University of Texas at Austin Group, Air Force Incorporate Social Networking into Training Course
March 24, 2009
AUSTIN, Texas — University and military researchers are proposing new approaches for Air Force leadership and teamwork training at the Squadron Officer School (SOS) at Maxwell Air Force Base in Alabama.
The University of Texas at Austin partnered with Air Education and Training Command (AETC) and the Air University (AU) to produce a "blended learning" model that incorporates information technologies such as cell phones and social networking. The model maximizes the learning experience while offering potential for significant savings in cost and time.
Researchers examined SOS as a case study for determining the right mix of live, virtual and constructive simulations for education and training. They proposed 12 recommendations to enhance learning in SOS in a report, "A Proposed Method for Converting Squadron Officer School into a Blended-Learning Course with Live, Virtual and Constructive Simulations" (PDF).
"Blended learning is about embedding social and professional networking when you learn," said Col. Glenn Hover, AETC Future Learning Division deputy chief. "We are getting on board with the way of the future for young minds who are already using these means to study and learn in the current environment. The goal being: building a network of Department of Defense leaders 'linked' throughout their careers."
AETC leaders believe applications such as e-mail, Facebook, chat rooms and smart phones can help SOS students get to know each other and engage in the course without leaving their home station on a temporary duty assignment.
"For an airman who can take blended learning courses from home station, time is saved to remain with families, to maintain duties on base and to have access to the leadership training sooner, as opposed to waiting until coming in residence," said Sheilagh O'Hare, a University XXI researcher and co-author of the report.
Part of the model is dedicated to converting the 1,000 pages of reading and five tests required to complete SOS in correspondence to a more interactive online model, O'Hare said.
However, it lacks face-to-face collaboration with fellow students. For that, students will be expected to attend a portion of the course offered in-residence at Maxwell. While in-residence slots remain competitive among Air Force captains with four to seven years of service, this model promises to serve more students, especially those in the National Guard and Reserve.
"With chat rooms, forums and other collaboration tools, students can be brought together online now, providing them with initial leadership experiences per course guidance, rather than whenever student slots at Maxwell open up," said Michael Mayrath, a co-author of the paper and a Ph.D. student in education psychology. "For the Air Force, having airmen who engage in leadership education and practical application sooner than later should mean the Air Force as a whole benefits."
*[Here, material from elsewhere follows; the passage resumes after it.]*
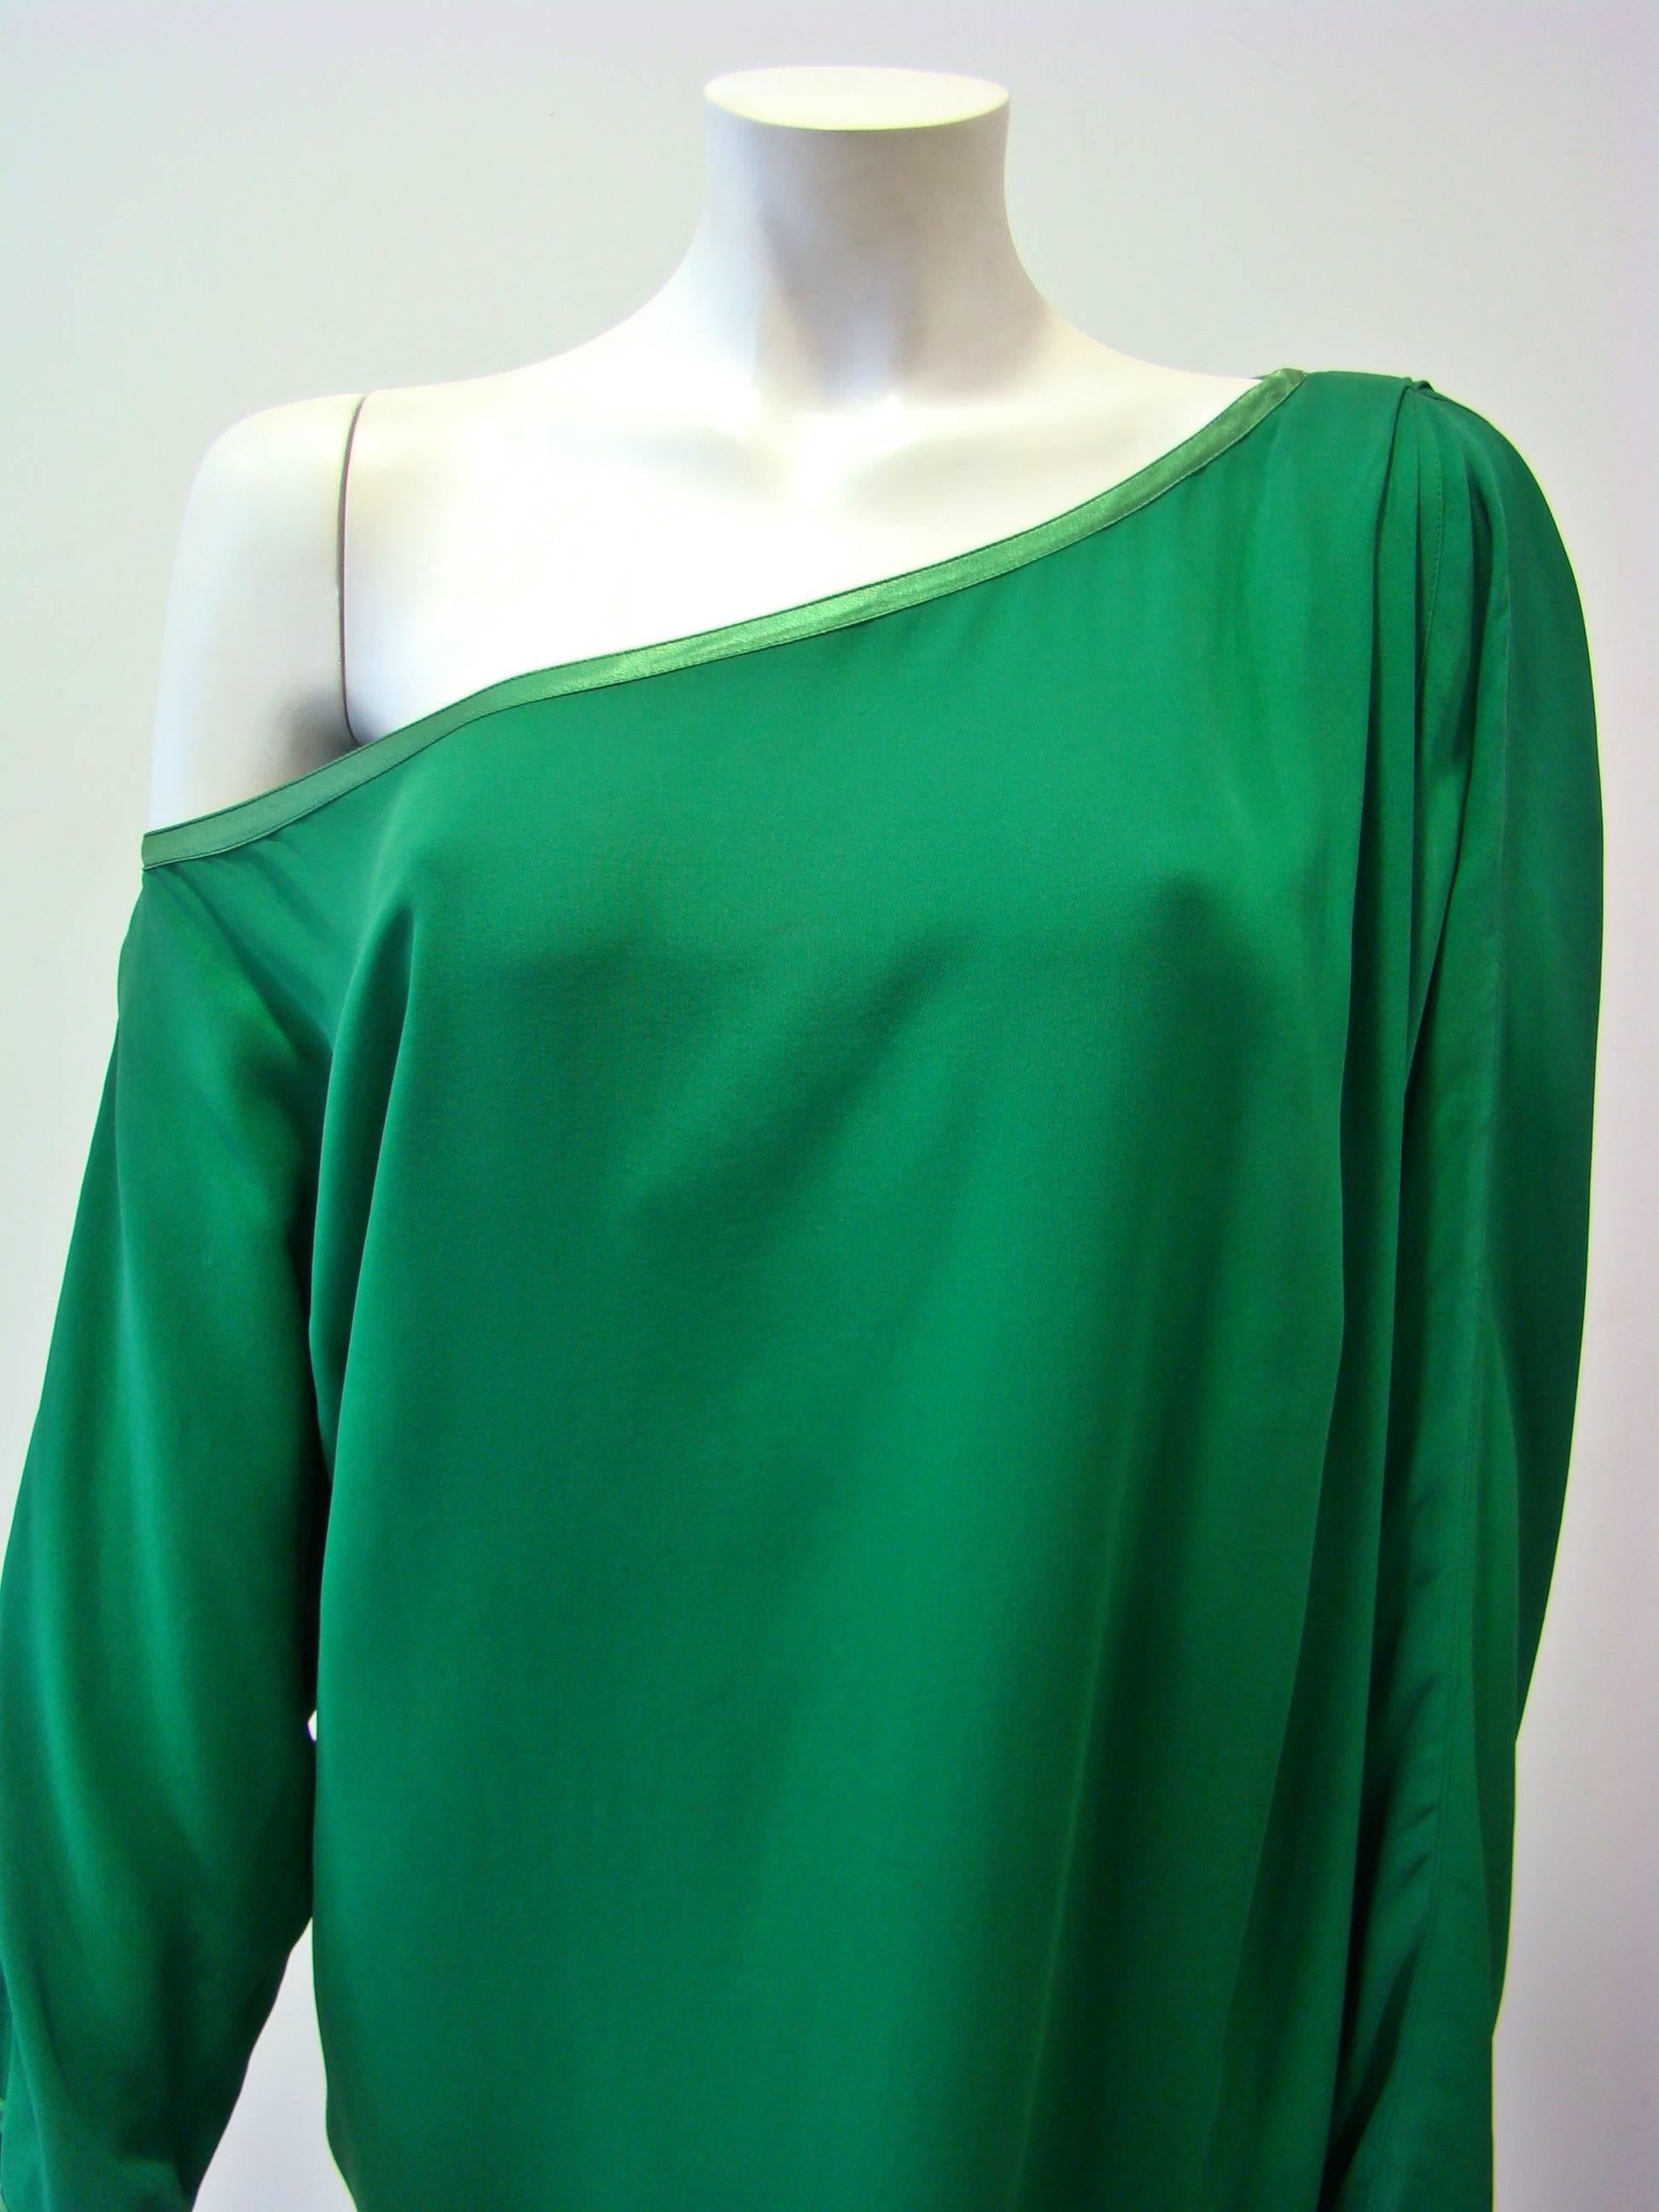 Green Early Gianni Versace Silk Kaftan Dress 1983

In order to make blended learning a reality for SOS and other students attending AU schools, such as Air Command and Staff College, one recommendation is to start a pilot course using volunteers already enrolled in SOS.
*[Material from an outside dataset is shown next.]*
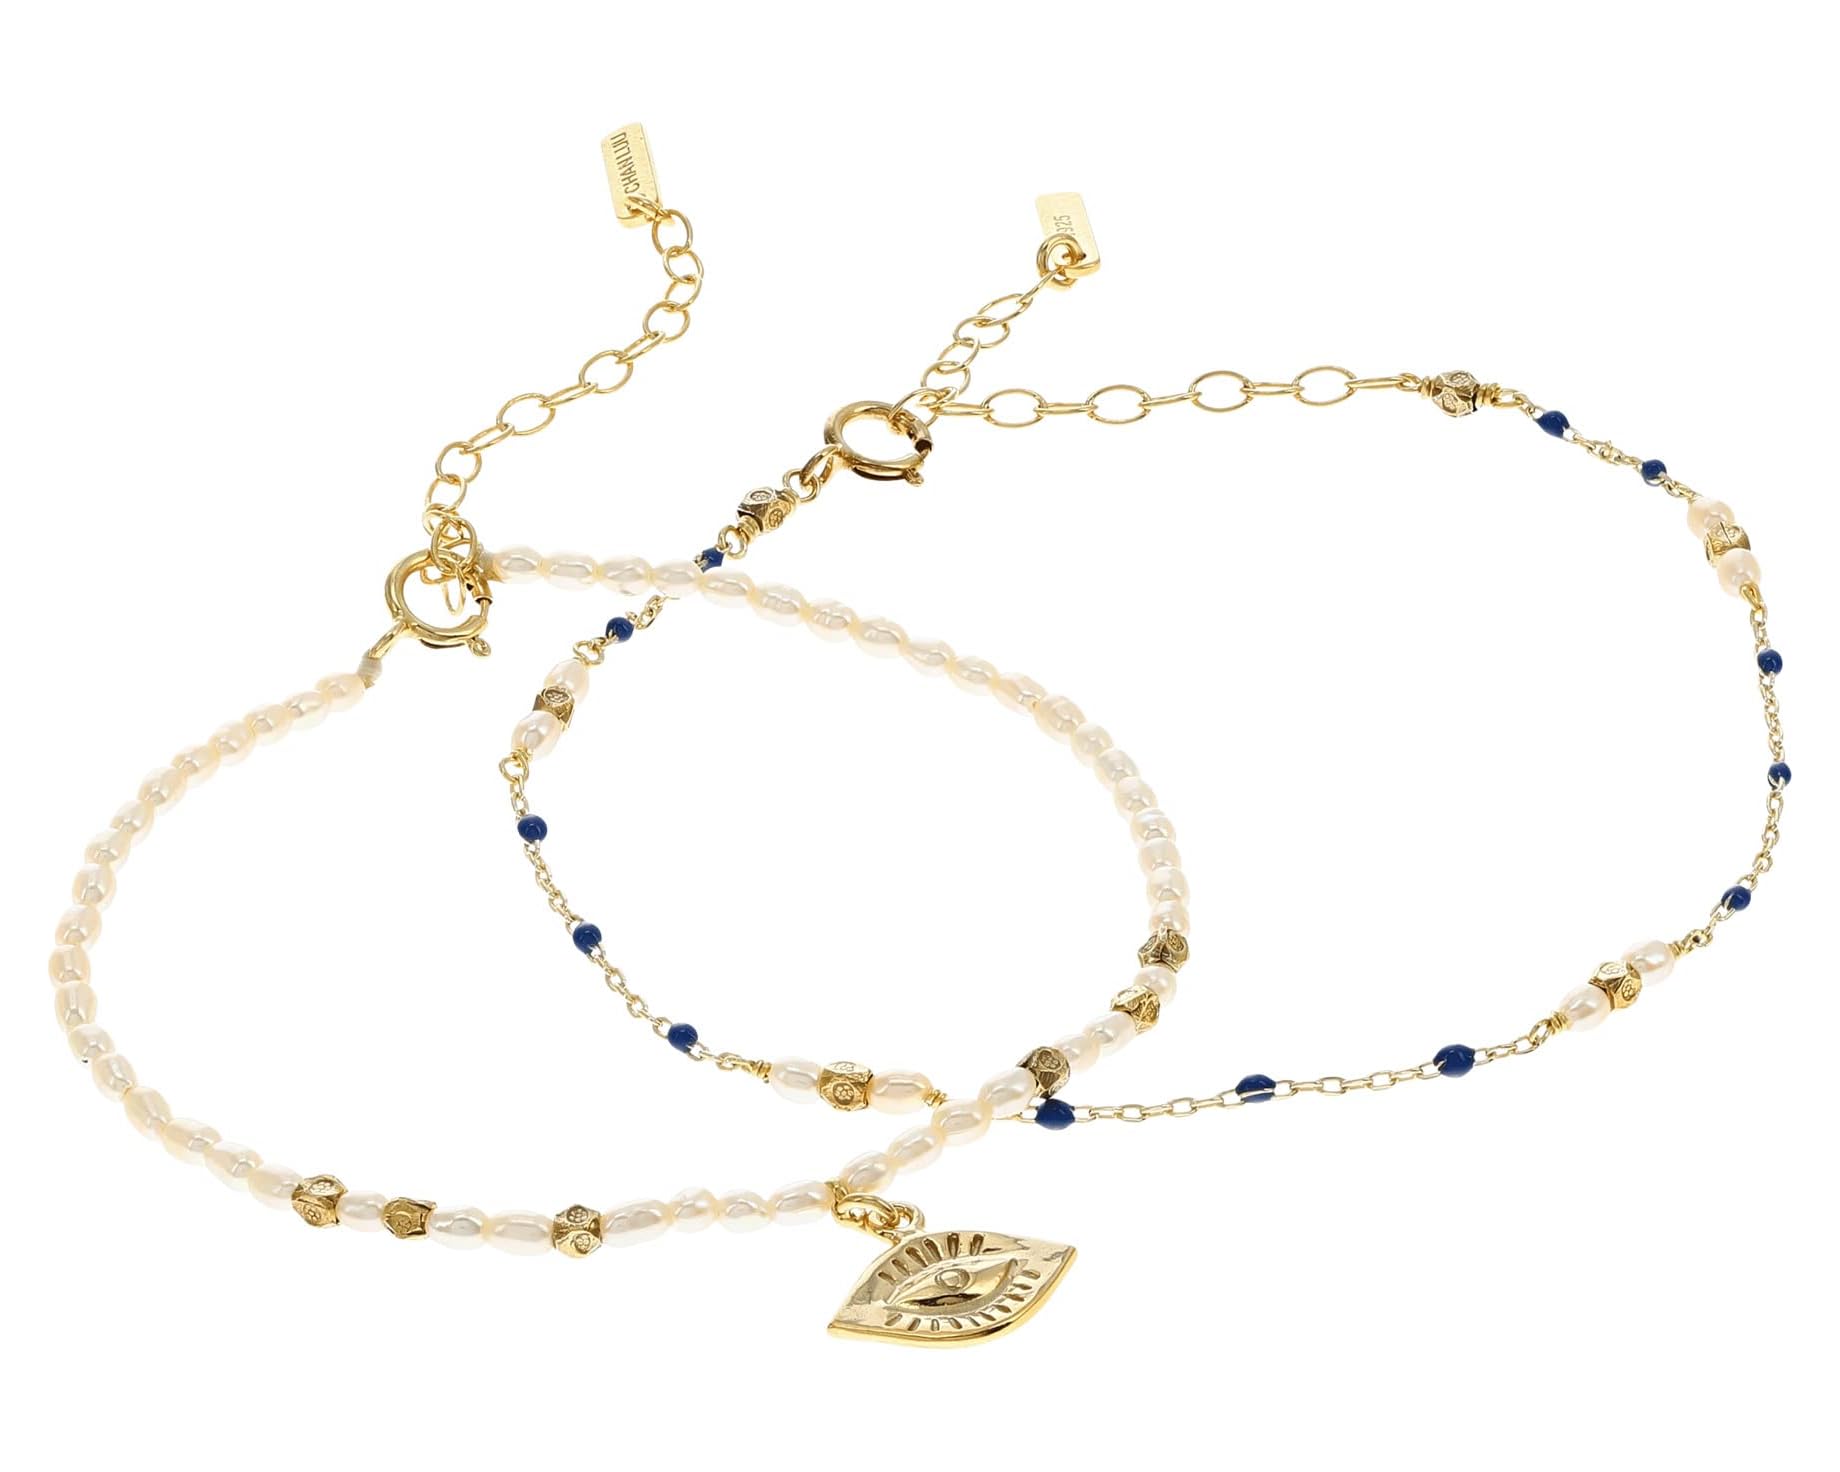 Chan Luu Two-Piece Bracelet Set with Enamel Beads and Pineapple Charm

"Teams of experts are already meeting on a regular basis at AU to discuss implementation techniques," Hover said. "UT has provided us with a template to follow. Now it's up to our AETC and AU training and education professionals to lead the efforts of integrating these highly interactive and social learning technologies into Air Force professional military education."
Through collaborative efforts of university and military researchers, these studies also afford opportunities for graduate students to publish their body of work and gain valuable experience before entering into different careers, said Aubrey White, principal investigator for the University XXI program.
"It's no doubt this study has provided an incredible investment for the Air Force and the next generation of officers and educators," Hover said.